BMFBMF-010222/0157-VI/7/20084.7.2008

15.4.1 Allgemeines

Rz 930
Die Definition des Dienstverhältnisses in § 47 Abs. 2 EStG 1988 ist eine eigenständige des Steuerrechts und daher mit den korrespondierenden Begriffen des Arbeits- und Sozialrechtes nicht immer deckungsgleich. Auch wenn arbeits- oder dienstrechtliche Bestimmungen vorsehen, dass durch eine bestimmte Tätigkeit kein Dienstverhältnis begründet wird, ist das Rechtsverhältnis dennoch nach abgabenrechtlichen Gesichtspunkten darauf zu untersuchen, ob die für oder gegen die Nichtselbständigkeit sprechenden Merkmale überwiegen (VwGH 22.2.1996, 94/15/0123). Allerdings kann sich aus der Beurteilung einer Leistungsbeziehung in anderen Rechtsgebieten ein Anhaltspunkt für das Vorliegen eines steuerlichen Dienstverhältnisses ergeben (VwGH 22.1.1986, 84/13/0015). Umgekehrt gilt gemäß § 4 Abs. 2 ASVG als Dienstnehmer im Sinne der Sozialversicherung jedenfalls auch, wer gemäß § 47 Abs. 1 in Verbindung mit Abs. 2 EStG 1988 lohnsteuerpflichtig ist.

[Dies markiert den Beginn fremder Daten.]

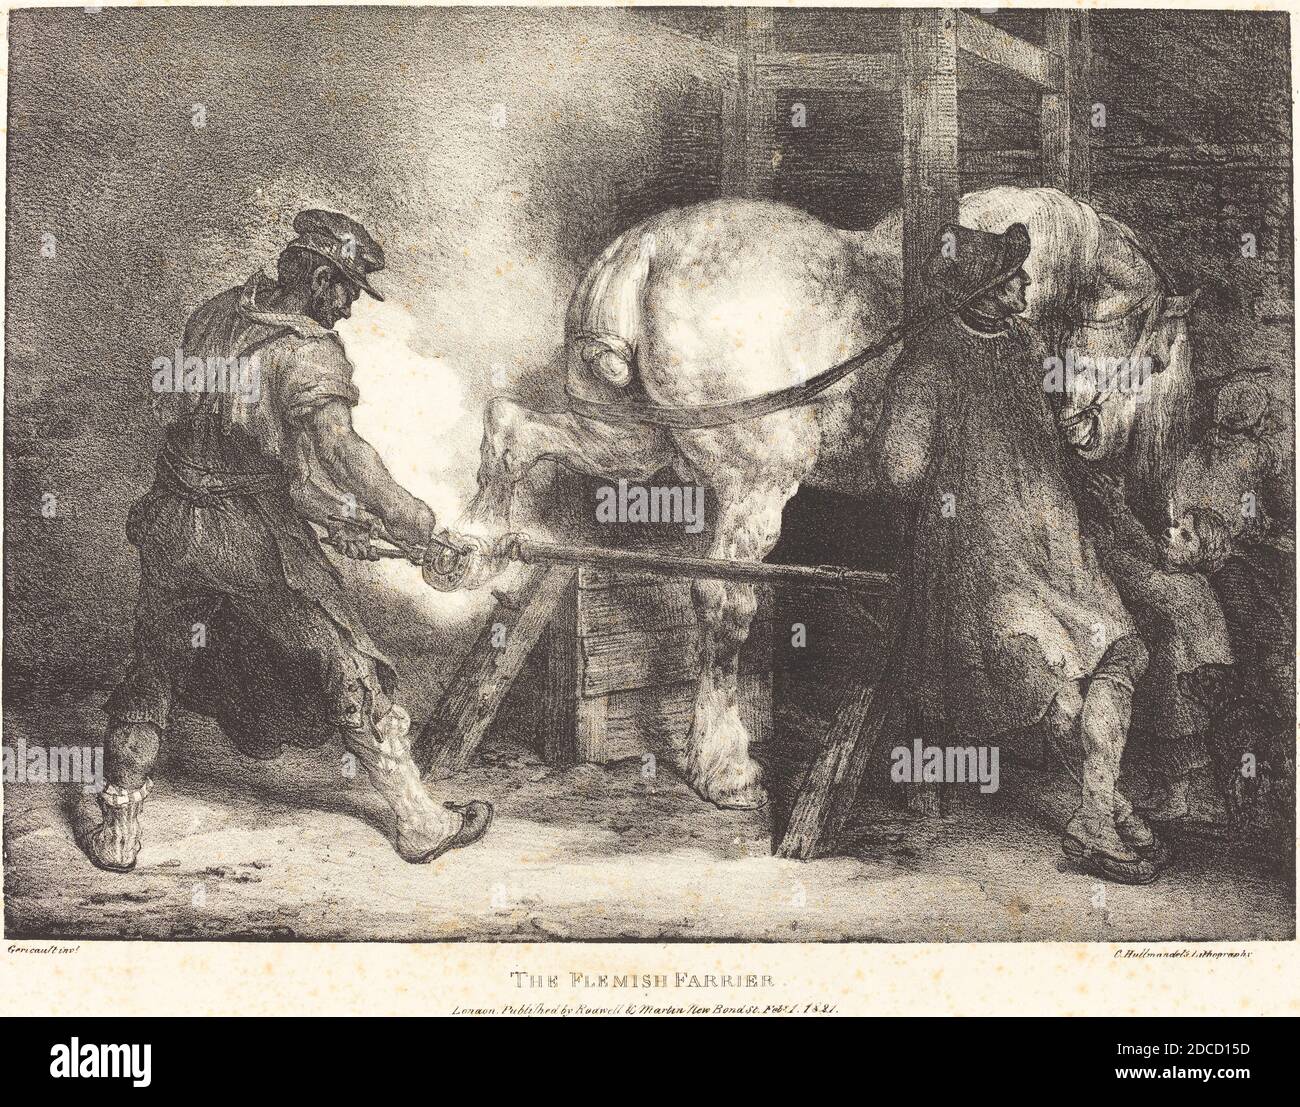 Théodore Gericault, (artist), French, 1791 - 1824, The Flemish Farrier, Various Subjects, drawn from life and on stone, (series), 1821, lithograph, image: 22.7 x 31.4 cm (8 15/16 x 12 3/8 in.), sheet: 38.5 x 55.1 cm (15 3/16 x 21 11/16 in Stock Photo

Die Definition des Dienstverhältnisses in § 47 Abs. 2 EStG 1988 einerseits und der Begriff des Unternehmers in § 2 Abs. 1 UStG 1994 andererseits grenzen die Lohn- und die Umsatzbesteuerung voneinander ab. Der Begriff der Einkünfte aus nichtselbständiger Tätigkeit knüpft ua. an das Vorliegen eines Dienstverhältnisses, der Begriff des Unternehmers im Umsatzsteuerrecht an die selbständige Ausübung einer gewerblichen oder beruflichen Tätigkeit an. Wesentliche Merkmale für die Abgrenzung zwischen selbständiger und nichtselbständiger Tätigkeit sind das Unternehmerwagnis, eine Weisungsgebundenheit, die die Entschlussfreiheit über die ausdrücklich übernommenen Vertragspflichten hinaus beschränkt, und eine organisatorische Eingliederung in den Betrieb des Arbeitgebers (VwGH 9.7.1997, 95/13/0289; VwGH 24.6.1999, 96/15/0099).

Rz 931
Maßgebend für die Beurteilung einer Leistungsbeziehung als Dienstverhältnis sind nicht die vertraglichen Abmachungen, sondern stets das tatsächlich verwirklichte Gesamtbild der vereinbarten Tätigkeit, wobei auch der im Wirtschaftsleben üblichen Gestaltungsweise Gewicht beizumessen ist (VwGH 25.10.1994, 90/14/0184; VwGH 20.12.2000, 99/13/0223, VwGH 19.09.2007, 2007/13/0071 betr. Scheinselbständigkeit von Bauarbeitern).

Rz 932
Bei der Beurteilung, ob steuerlich ein Dienstverhältnis besteht, ist daher immer vom wirtschaftlichen Gehalt der Vereinbarung zwischen den Vertragspartnern auszugehen. Maßgebend sind weder die Bezeichnung noch subjektive Gesichtspunkte, sondern ausschließlich die objektiven Umstände (VwGH 18.10.1989, 88/13/0185). Ein schriftlich abgeschlossener Dienstvertrag kann daher lohnsteuerrechtlich bedeutungslos sein, wenn nicht durch die der Vereinbarung zu Grunde liegende Tätigkeit die Voraussetzungen für das Bestehen eines Dienstverhältnisses gemäß § 47 Abs. 2 EStG 1988 begründet werden. Umgekehrt ist ein Dienstverhältnis gegeben, wenn eine formell als Werkvertrag bezeichnete Vereinbarung überwiegend Elemente eines Dienstverhältnisses trägt oder zwar ein Werkvertrag vorliegt, aber die tatsächlich ausgeübte Tätigkeit in Abweichung vom Vertragsinhalt überwiegend Merkmale eines Dienstverhältnisses aufweist (VwGH 19.12.1990, 89/13/0131; VwGH 20.12.2000, 99/13/0223; VwGH 24.9.2003, 2000/13/0182). Ein Rahmenvertrag, der weder die tatsächlich geschuldete Leistung noch das Entgelt bestimmt, sondern dies mündlichen Vereinbarungen überlässt, kann nicht ohne weitere Feststellungen der Entscheidung zu Grunde gelegt werden, ob Einkünfte aus nichtselbständiger Arbeit oder gewerbliche Einkünfte vorliegen (VwGH 28.4.2004, 2000/14/0125).

Rz 933
Sofern die Merkmale des § 47 Abs. 2 EStG 1988 vorliegen, ist es steuerrechtlich ohne Bedeutung, ob das Dienstverhältnis schriftlich, mündlich, durch konkludente Handlungen oder ohne übereinstimmende Willenserklärungen zu Stande kommt.